There are a couple of simple and obvious explanations, of course. Growing up in a very homogenous Norway, where the family had defined their ethnicity away by deciding we were all Norwegian, I did not have a language to explain some of the lived experience, and so when I tried to see what was happening my tools were all those of an analysis of social class. I quickly found that these were exceptionally functional and flexible, and did embrace a lot of those other differences, which today are spoken about and analysed as intersectionality:
“All of us live complex lives that require a great deal of juggling for survival,” Carty and Mohanty said in an email. “What that means is that we are actually living at the intersections of overlapping systems of privilege and oppression.”
When later class, a common topic in education, public discourse and political activism in the sixties and seventies in Norway was combined with gender, an increasingly debated topic, it offered a type of intersectionality that was easy to understand and deal with. Why then, the problem with ethnicity?

First, the problems with systemic ethnic bias in Norway were very well hidden. After WW2 large portions of the Sami population had redefined themselves as Norwegian when they reregistered and moved back to their home areas after they had been evacuated and Finnmark scorched. Many of them had already been using Norwegian names. My father's fathers had been Morten Mortensen for several generations at this point. At this point they registered as Norwegian speaking, a vital marker for ethnicity.

Second, even within these communities, there was bias. The settled, combined fishing and farming sea sami of the coast resented the nomadic reindeer herders who came with their flocks through carefully nurtured, sparse fields and farms. The nomadic herders resented the settled farmers for closing off their traditional paths. And so being Sami became something backwards, exotic and different, alien to the lives of contemporary Norwegians, apparently a lifestyle choice rather than a culture.

It took years to understand that my own ethnicity blinded me from understanding that of others. Experienced and internalised racism blocked the understanding of other expressions of it. After all, we had just left it all behind and moved on, why couldn't others?

But had we?

Trying to understand what I experienced as a child and how it has designed the understanding of intersectionality I am struggling with today is not a simple task, but we clearly had not moved on. The ethnicity of the past kept rearing its head, for instance in the way my father's dyslexia was treated as a result of him being sami, and so my sisters' dyslexia was never acknowledged, and that meant recognising the same problems in our childrens' generation was that much harder. Reading was a waste of time anyway, right?

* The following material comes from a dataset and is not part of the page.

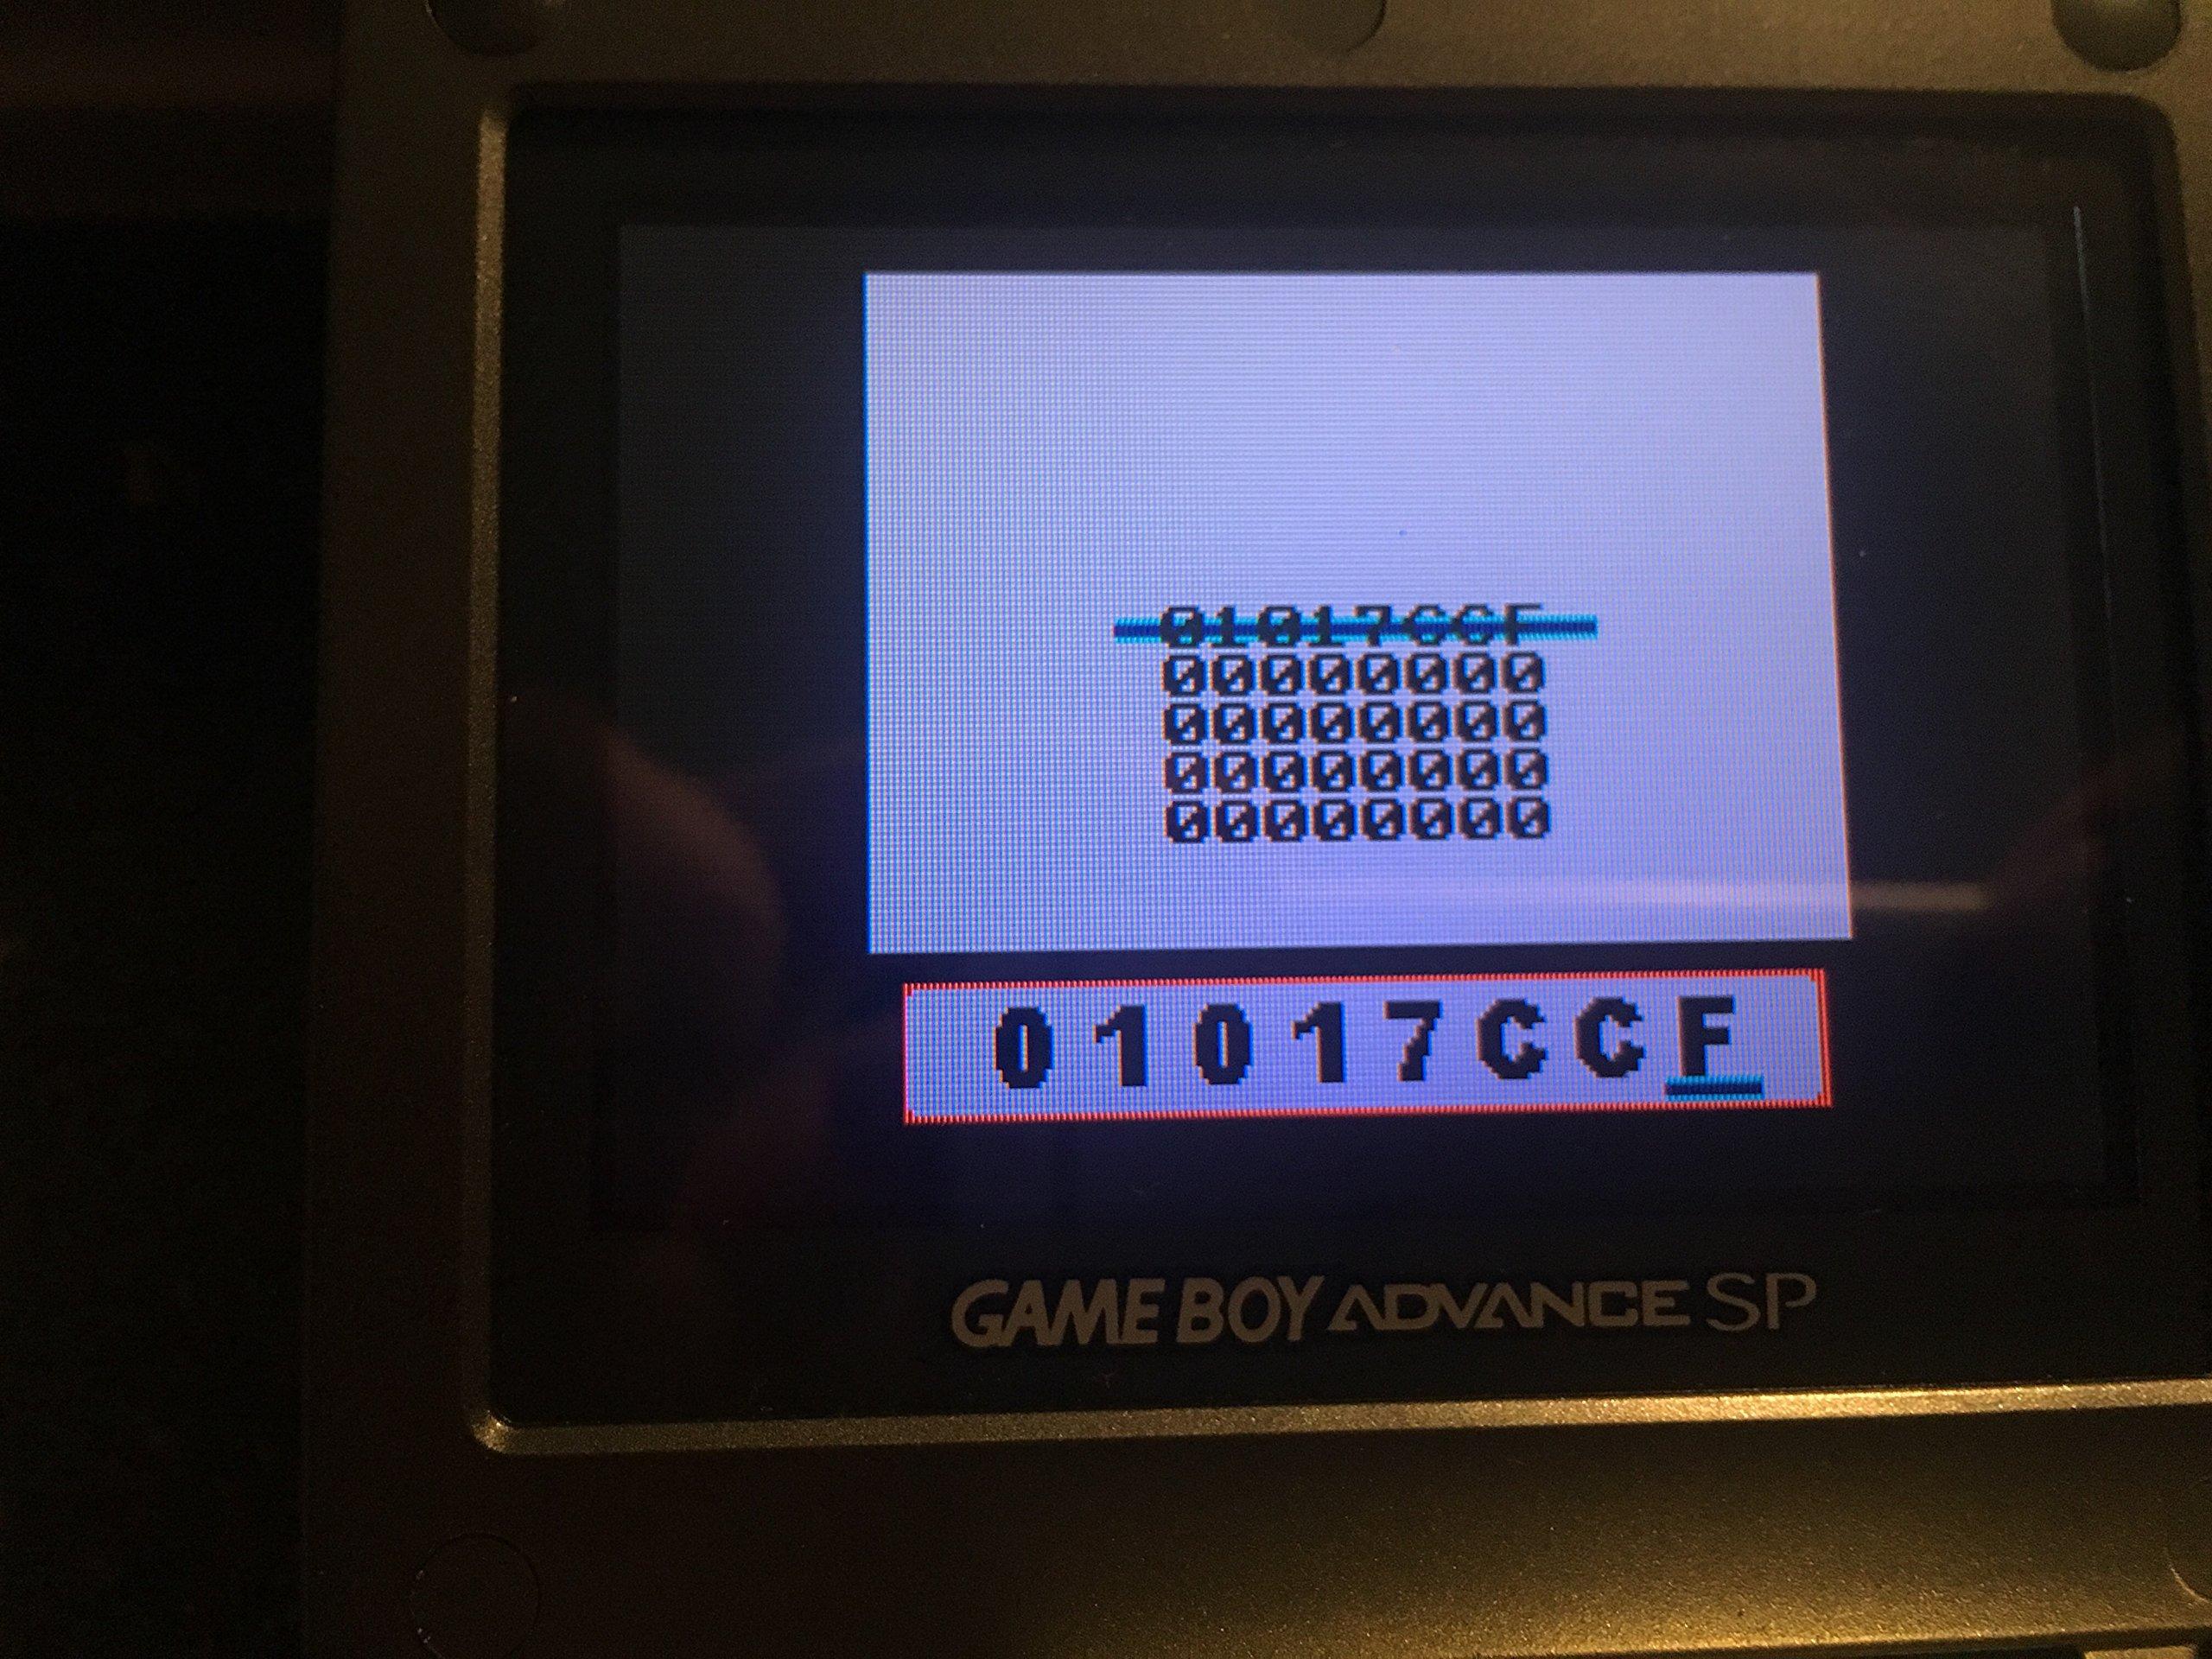 Game boy color game genie codes - Image Unavailable Image Not Available For Color Gameshark For Game Boy

Which brings me to the comparisons of privilege. My understanding of the struggles of other ethnicities are still just theoretical, they are learned, not lived. But I have learned that privilege is not simple and one-sided, and so I have a problem when this is not accepted. Being told that I am too white to understand racism when I have my entire life lived in a society where racism is not based on colour, but on language, education, naming and geography, is confusing. I don't quite believe that privilege is that simple. Instead we benefit from something, but are stopped by something else, and the mathematics of privilege becomes as complex as the mathematics of hedons and dolors in Bentham's Felicific Calculus.

While being aware of privilege is extremely important, we need to acknowledge that like the struggle of complex lives, privilege is also relative and varied, and should not be a simple and automatic stamp. And that is what bothered me with the demand to leave class behind when discussing inequality, because class is as important as ethnicity or gender in this arithmetic of privilege. And this is what makes call-out culture and the emphasis on being "woke" such a problem to translate, because both practices focus on relatively narrow understandings of privilege and inequality.

But until we all have an intersectional understanding of privilege, we can make a stab at memorising Bentham's nonsense verse to aid the calculation of hedons and dolors to guide our moral actions:
Intense, long, certain, speedy, fruitful, pure—
Such marks in pleasures and in pains endure.
Such pleasures seek if private be thy end:
If it be public, wide let them extend
Such pains avoid, whichever be thy view:
If pains must come, let them extend to few.